In winter 1833–34 Liszt rented the "Ratzenloch". Several times Marie d'Agoult visited him disguised as "Comte de la B...".[75] Also, Liszt visited her at Croissy. He made friends with her daughters who gave him the nickname "Bon Vieux" ("Good Old One").[76] Since April 28, 1834, Liszt was in Paris alone again, while Marie d'Agoult had retired to Croissy.[77] In May 1834, he had a dispute with Madame Laborie. She presumed that he was still in love with Adèle de Laprunarède and tried to force him to give her Adèles letters.[78] On May 16 Liszt left Paris, following an invitation by one Madame Haineville to Castle Carentonne near Bernay in Normandy. While he was in Carentonne Marie d'Agoult found some of his old letters to Euphémie Didier, suspecting they were written to Adèle and Liszt had become engaged with her.[79]
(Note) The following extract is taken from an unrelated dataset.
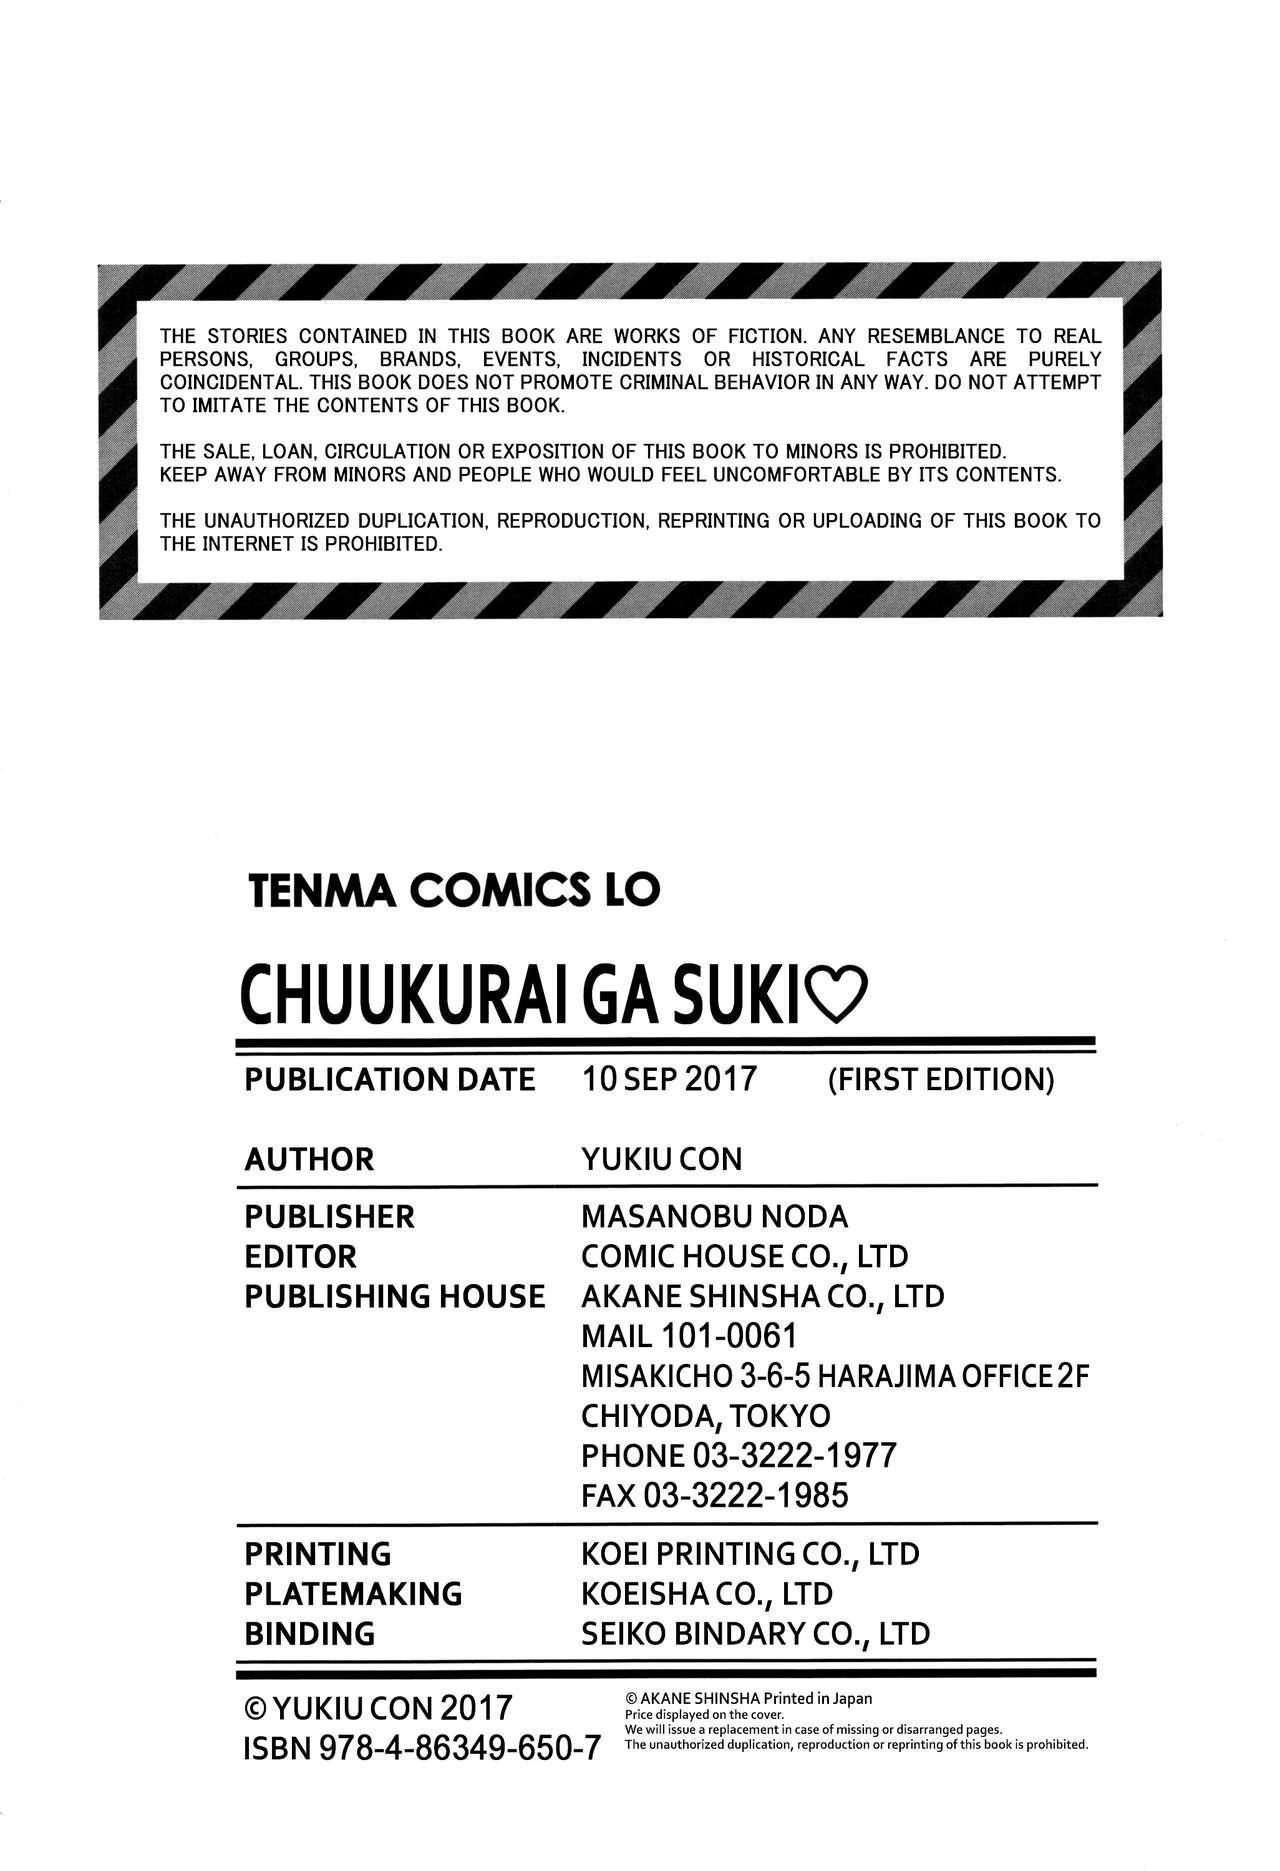 Chuukurai ga Suki 203

Returning from Carentonne, Liszt arrived in Paris on June 22, 1834.[80] A couple of days later Marie d'Agoult left, travelling to Mortier,[81] an estate of her mother where she stayed for two months. As of summer 1834 it was clear that Liszt and Marie d'Agoult were a couple. But their affaire had a colour of a very particular kind. Liszt's letters of spring and summer 1834 are full of complaints about his illness and depression. Yet even in letters of July 1834 he described Marie d'Agoult as a woman whom he desired, after whom he always had to run but without ever reaching her.[82]

George Sand

In autumn and winter 1834–35, Liszt made the acquaintance of George Sand. He had in the Revue des Deux Mondes of May 15, 1834, read her first Lettre d'un voyageur on her impressions of Italy, which he found magnificent.[83] In a letter to Marie d'Agoult of August 25, 1834, he wrote, he had two days earlier met Alfred de Musset. Musset had told him much about George Sand. Liszt had asked Musset to gain him an introduction when Musset would next meet George Sand.[84]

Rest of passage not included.